[Stored data]
- Opening Delimiter -

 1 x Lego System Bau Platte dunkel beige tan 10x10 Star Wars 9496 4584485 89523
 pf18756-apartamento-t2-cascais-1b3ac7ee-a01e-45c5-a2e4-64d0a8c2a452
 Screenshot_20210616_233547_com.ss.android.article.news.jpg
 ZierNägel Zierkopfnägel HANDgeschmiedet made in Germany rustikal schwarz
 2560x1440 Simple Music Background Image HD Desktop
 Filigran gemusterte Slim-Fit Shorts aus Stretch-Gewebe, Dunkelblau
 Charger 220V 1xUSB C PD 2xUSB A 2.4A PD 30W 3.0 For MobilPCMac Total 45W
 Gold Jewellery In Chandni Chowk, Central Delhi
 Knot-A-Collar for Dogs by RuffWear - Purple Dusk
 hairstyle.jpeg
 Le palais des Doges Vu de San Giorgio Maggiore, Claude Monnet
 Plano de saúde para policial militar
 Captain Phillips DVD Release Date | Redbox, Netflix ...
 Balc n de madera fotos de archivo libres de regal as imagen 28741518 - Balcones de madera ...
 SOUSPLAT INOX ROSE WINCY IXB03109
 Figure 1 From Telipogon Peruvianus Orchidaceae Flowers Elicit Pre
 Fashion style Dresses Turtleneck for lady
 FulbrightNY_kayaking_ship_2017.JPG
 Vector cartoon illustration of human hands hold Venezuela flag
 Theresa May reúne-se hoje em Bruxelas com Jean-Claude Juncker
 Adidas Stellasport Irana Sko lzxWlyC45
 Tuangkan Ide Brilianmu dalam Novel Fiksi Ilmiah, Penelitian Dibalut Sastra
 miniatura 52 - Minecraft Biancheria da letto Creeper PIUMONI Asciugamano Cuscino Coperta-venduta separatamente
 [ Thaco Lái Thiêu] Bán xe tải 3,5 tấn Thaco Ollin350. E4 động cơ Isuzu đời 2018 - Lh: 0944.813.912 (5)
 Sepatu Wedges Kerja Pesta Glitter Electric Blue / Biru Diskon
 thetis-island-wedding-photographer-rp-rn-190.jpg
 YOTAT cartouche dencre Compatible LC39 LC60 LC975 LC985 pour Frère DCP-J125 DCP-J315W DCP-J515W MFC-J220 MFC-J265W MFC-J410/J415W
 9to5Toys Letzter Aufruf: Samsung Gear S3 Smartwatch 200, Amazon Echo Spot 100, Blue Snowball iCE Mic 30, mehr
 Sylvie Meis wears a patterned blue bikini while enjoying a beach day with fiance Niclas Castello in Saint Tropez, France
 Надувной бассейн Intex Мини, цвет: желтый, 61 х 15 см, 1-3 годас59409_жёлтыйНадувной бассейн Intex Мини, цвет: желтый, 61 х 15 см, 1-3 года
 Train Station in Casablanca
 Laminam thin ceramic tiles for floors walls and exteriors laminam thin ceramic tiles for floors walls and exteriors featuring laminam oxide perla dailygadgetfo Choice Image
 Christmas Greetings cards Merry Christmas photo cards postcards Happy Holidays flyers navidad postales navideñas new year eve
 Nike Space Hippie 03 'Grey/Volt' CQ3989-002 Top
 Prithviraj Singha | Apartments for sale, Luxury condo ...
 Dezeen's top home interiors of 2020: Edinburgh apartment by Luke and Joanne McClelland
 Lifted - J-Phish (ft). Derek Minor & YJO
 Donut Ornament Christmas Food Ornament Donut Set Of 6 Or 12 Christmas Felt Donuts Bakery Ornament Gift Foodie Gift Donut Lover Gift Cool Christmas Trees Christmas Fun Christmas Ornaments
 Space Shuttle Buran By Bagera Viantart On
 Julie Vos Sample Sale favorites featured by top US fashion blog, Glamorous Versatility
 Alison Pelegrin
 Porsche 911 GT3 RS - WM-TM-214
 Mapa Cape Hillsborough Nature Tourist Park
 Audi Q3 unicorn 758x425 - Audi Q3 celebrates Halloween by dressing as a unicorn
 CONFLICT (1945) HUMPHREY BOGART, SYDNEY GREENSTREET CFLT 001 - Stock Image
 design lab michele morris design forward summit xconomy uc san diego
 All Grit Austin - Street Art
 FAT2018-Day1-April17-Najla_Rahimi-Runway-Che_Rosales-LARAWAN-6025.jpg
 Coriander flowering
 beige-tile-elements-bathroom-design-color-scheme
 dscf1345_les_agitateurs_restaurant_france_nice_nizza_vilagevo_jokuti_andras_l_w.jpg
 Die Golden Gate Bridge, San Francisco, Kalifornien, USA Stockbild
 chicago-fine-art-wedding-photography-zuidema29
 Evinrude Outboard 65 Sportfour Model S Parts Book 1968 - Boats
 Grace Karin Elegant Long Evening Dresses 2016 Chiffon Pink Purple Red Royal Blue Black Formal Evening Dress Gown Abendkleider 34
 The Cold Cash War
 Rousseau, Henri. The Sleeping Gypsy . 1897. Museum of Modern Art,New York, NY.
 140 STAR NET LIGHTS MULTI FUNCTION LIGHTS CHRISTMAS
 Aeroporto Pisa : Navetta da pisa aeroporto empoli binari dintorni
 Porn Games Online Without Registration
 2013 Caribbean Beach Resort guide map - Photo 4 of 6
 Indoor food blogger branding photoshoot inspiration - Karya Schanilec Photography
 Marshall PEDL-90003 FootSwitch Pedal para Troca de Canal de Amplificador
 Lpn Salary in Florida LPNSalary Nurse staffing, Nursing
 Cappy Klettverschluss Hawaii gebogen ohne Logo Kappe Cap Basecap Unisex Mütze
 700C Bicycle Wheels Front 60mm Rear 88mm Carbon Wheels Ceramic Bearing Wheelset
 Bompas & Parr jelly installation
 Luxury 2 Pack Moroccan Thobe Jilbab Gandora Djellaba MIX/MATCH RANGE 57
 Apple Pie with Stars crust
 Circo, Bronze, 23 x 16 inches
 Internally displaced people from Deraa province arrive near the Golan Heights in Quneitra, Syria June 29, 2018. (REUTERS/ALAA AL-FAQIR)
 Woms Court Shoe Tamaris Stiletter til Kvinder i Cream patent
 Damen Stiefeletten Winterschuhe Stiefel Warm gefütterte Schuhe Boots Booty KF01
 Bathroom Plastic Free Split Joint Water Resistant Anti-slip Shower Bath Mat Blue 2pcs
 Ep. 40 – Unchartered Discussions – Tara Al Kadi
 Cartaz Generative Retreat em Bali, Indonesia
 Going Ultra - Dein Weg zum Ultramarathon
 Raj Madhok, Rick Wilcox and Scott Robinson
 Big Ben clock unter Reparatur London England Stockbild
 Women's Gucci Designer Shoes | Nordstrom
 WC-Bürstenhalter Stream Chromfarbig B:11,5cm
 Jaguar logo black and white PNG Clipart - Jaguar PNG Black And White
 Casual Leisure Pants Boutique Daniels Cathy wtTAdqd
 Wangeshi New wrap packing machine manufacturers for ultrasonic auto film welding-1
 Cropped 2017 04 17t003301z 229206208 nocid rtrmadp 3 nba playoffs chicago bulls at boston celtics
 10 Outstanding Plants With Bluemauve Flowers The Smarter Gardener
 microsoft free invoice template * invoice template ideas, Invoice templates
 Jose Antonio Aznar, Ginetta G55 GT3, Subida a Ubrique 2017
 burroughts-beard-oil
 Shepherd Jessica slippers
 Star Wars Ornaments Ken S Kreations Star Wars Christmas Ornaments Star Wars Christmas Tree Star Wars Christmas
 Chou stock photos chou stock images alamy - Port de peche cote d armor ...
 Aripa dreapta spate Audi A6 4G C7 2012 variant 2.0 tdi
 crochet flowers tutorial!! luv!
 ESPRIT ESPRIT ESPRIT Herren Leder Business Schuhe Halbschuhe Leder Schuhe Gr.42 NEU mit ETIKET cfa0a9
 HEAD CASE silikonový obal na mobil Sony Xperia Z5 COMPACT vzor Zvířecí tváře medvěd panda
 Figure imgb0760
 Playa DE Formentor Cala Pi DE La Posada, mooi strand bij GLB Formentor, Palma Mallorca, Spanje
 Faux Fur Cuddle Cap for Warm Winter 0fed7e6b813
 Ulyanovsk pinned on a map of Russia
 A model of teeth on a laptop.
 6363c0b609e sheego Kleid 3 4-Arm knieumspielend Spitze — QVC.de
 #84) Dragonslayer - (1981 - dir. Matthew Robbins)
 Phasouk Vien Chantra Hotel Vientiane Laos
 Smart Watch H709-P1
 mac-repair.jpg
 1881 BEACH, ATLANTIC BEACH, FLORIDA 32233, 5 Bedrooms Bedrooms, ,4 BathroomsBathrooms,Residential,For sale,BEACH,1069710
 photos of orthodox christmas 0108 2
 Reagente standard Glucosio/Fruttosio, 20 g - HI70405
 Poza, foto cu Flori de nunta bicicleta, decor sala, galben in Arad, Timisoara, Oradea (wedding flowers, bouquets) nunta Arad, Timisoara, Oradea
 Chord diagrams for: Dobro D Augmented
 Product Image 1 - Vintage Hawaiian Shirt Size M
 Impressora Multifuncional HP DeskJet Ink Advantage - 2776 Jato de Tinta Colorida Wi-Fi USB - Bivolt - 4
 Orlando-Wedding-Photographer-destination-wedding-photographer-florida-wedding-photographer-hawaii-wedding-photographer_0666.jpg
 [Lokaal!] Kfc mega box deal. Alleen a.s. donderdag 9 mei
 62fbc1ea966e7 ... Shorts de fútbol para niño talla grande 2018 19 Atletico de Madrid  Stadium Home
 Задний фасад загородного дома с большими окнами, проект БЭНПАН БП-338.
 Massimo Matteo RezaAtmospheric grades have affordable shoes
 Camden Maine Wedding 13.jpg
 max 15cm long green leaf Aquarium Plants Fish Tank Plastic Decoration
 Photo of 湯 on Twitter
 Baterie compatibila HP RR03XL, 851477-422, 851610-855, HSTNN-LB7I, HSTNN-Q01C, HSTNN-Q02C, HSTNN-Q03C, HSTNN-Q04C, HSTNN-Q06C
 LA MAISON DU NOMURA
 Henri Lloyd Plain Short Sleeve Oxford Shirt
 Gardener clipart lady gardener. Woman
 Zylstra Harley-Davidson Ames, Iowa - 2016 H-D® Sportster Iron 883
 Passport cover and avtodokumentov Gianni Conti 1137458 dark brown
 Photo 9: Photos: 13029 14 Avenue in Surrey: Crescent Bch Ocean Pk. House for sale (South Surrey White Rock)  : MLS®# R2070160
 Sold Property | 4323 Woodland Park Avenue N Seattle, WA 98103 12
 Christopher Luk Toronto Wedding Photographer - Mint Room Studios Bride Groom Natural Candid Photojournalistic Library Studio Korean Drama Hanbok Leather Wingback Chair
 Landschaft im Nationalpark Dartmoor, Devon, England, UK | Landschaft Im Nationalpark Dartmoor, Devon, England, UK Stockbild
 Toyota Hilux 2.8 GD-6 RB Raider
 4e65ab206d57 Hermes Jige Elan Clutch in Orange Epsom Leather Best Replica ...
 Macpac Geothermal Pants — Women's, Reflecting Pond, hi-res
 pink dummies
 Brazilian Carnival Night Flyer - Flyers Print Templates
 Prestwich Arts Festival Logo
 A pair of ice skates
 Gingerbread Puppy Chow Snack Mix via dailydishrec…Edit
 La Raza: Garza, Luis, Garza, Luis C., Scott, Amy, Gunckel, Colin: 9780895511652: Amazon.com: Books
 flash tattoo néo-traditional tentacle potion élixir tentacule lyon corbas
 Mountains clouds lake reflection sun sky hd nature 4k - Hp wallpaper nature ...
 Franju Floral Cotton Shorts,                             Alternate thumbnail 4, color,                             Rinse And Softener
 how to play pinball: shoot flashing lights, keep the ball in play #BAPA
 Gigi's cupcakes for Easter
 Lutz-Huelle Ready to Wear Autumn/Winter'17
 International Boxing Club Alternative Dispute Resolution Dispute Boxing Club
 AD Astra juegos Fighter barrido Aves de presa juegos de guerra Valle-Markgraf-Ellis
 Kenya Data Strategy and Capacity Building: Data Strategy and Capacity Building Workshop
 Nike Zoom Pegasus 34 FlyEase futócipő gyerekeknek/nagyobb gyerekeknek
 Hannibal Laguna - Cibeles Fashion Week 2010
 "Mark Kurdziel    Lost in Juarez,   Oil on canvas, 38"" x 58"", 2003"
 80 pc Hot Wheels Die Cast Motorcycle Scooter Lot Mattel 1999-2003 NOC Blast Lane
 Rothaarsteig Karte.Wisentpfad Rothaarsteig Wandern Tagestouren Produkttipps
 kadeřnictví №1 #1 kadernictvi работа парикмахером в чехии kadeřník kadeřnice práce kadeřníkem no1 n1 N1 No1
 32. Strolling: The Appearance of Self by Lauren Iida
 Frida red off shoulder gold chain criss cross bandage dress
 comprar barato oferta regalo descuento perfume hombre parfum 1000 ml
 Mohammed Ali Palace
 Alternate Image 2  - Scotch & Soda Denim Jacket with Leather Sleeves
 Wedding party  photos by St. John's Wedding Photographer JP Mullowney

- Closing Delimiter -

Filter the entries and copy each line with "Space".

▶ **Expected answer**
 Nike Space Hippie 03 'Grey/Volt' CQ3989-002 Top
 Space Shuttle Buran By Bagera Viantart On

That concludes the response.